- **About this exercise**
Only the number is wanted: tally the lines below that contain the word "Women".

- **Records for the task**
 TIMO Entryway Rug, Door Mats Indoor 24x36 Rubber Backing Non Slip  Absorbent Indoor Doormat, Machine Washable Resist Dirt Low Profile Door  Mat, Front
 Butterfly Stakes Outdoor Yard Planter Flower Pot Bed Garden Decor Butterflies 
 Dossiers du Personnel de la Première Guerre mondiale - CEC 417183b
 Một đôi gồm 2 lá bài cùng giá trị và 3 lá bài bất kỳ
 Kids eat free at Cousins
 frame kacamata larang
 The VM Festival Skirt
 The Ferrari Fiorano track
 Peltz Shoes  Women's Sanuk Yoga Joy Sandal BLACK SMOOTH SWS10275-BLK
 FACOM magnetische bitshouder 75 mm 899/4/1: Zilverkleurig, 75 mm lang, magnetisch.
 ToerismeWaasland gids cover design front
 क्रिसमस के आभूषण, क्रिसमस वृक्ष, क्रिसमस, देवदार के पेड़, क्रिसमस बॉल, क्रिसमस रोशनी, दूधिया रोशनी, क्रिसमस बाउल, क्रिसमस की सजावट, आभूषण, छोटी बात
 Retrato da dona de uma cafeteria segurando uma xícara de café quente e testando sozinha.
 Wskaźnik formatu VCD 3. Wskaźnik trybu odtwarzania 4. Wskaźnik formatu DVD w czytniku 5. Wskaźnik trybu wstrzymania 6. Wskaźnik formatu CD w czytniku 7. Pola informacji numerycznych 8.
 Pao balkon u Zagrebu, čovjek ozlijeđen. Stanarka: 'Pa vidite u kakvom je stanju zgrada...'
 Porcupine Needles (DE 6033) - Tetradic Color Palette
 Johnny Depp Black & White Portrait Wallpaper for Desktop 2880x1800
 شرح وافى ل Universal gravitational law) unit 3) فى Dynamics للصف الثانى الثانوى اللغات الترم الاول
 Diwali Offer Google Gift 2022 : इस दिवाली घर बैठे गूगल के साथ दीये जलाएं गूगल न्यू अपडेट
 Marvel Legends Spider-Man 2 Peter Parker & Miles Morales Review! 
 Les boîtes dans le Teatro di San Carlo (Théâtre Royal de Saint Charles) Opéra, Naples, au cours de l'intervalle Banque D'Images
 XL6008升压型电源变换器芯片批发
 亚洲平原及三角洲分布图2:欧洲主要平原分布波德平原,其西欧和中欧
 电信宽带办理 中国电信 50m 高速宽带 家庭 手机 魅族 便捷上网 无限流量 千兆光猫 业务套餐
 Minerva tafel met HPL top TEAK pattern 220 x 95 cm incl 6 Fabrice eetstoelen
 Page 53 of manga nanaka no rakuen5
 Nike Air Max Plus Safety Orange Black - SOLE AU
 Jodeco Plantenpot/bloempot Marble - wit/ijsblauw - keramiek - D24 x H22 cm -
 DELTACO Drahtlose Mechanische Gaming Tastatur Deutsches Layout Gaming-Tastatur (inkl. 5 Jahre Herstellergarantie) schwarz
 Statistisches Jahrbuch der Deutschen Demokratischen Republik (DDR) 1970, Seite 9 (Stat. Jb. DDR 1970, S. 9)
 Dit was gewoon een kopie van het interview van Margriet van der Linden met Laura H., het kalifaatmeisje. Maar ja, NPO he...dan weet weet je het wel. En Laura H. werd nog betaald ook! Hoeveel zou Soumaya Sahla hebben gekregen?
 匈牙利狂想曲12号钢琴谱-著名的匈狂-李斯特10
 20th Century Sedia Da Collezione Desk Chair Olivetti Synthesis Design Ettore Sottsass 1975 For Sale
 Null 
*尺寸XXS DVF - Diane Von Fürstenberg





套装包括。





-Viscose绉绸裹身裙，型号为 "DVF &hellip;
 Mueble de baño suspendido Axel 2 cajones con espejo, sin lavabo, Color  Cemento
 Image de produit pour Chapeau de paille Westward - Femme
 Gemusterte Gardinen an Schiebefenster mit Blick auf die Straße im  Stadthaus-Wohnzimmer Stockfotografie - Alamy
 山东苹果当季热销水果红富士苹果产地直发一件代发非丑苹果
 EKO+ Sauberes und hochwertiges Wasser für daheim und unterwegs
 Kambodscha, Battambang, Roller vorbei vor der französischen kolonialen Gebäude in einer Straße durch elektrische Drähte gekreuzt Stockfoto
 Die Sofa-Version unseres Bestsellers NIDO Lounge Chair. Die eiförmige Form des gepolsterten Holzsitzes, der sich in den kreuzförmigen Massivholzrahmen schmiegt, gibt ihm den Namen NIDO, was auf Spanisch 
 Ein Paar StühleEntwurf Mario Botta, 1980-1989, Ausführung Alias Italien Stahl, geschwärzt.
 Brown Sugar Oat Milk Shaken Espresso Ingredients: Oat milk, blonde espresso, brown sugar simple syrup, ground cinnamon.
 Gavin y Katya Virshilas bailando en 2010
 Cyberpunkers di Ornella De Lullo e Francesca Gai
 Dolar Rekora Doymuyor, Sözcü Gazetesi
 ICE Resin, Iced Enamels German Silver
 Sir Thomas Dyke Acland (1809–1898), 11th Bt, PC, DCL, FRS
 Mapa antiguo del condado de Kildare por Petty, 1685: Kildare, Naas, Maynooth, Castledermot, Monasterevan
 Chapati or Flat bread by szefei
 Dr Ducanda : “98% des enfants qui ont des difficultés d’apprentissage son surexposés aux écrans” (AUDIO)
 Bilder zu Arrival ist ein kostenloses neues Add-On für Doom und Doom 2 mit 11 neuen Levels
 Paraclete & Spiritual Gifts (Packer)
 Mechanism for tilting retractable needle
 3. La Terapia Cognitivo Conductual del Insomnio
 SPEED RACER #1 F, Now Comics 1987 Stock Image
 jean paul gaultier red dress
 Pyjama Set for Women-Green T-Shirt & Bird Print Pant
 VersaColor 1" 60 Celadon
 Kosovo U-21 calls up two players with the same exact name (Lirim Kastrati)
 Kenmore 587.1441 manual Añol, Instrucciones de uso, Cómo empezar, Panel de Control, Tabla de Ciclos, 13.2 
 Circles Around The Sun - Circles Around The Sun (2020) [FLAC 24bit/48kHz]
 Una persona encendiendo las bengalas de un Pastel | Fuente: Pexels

- **Worked solution**
2